10 minutes

How to Analyze Survey Data: Step-by-Step Guide (with Example)

So you just did a survey and collected all this valuable data, but now what? How do you analyze it to draw conclusions and find correlations in the data? This guide will teach you how to analyze your dataset even with zero prior knowledge about stats. Let's get started!

How to Analyze Survey Data

We recently wrote a 7 step process where you can analyze almost any dataset without any technical knowledge.

If you have not read that post yet, you can check it out here: how to analyze data [7 step process]

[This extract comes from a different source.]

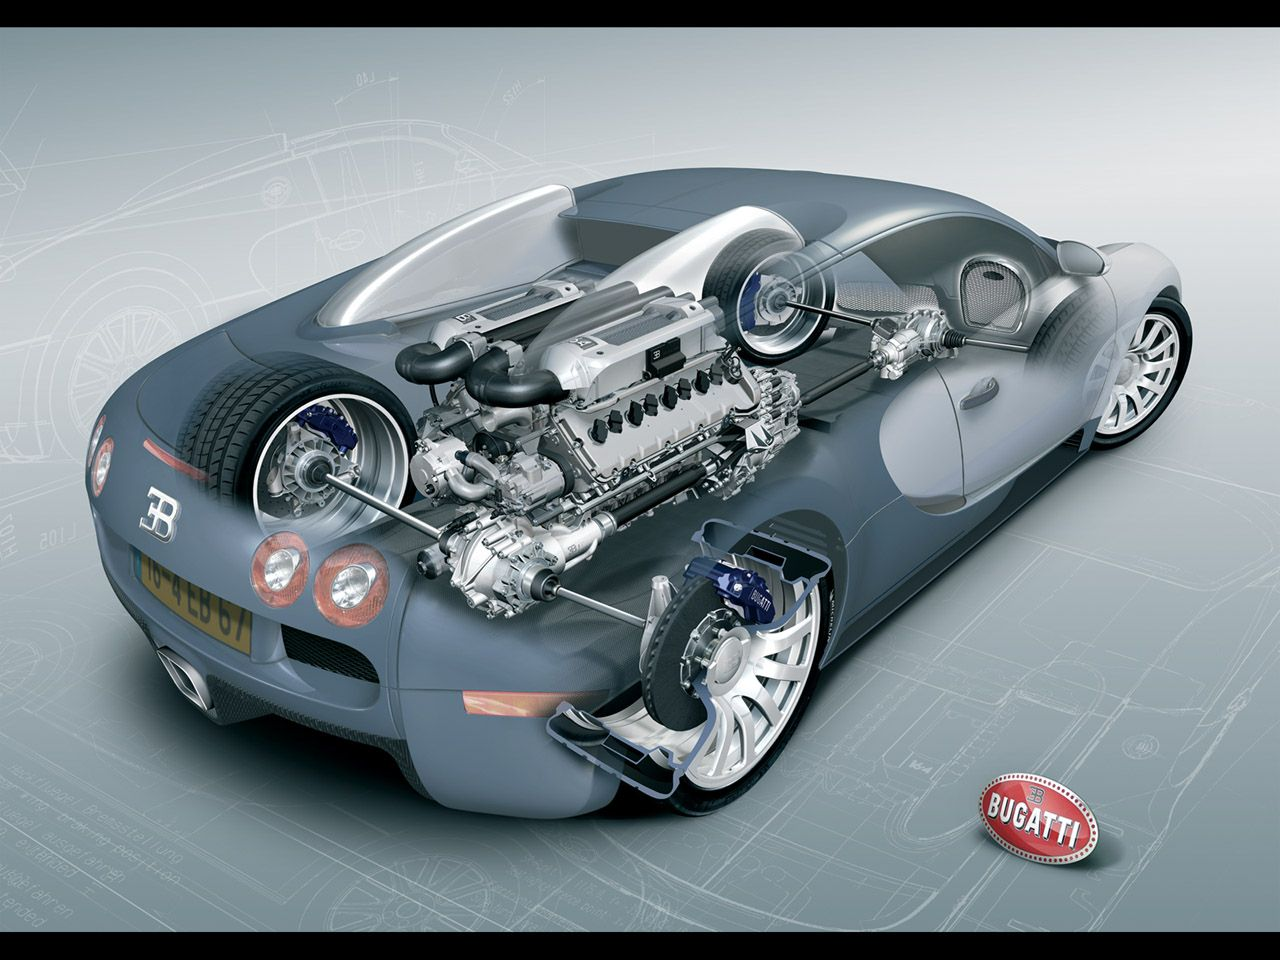 bugatti veyron   Super Cars   Pinterest   Bugatti veyron, Engine and ...

But to summarize, these are the important steps for survey data analysis:

  1. Identify the survey data types
  2. Clean the data
  3. Convert the data
  4. Propose a question and find the answer
  5. Explore the data
  6. Visualize

Types of survey data:

There are 3 types of survey data: numerical, categorical and sentences.

Numerical Answers:

  • 53 kg
  • 170 cm
  • 100 IQ
  • Score: 50 points

Categorical answers: 

  • Yes/no
  • Male/female
  • USA, Canada, UK, Australia
  • Age ranges: 16-25, 25-34, 35-24
  • Never, rarely, sometimes, frequently

Sentence answers:

  • "I think the app can be improved if it loads faster."
  • "Customer service was rude."
  • "I loved the app!"

Numeric answers are the easiest to analyze, followed by categorical answers then sentence answers (which are difficult to analyze).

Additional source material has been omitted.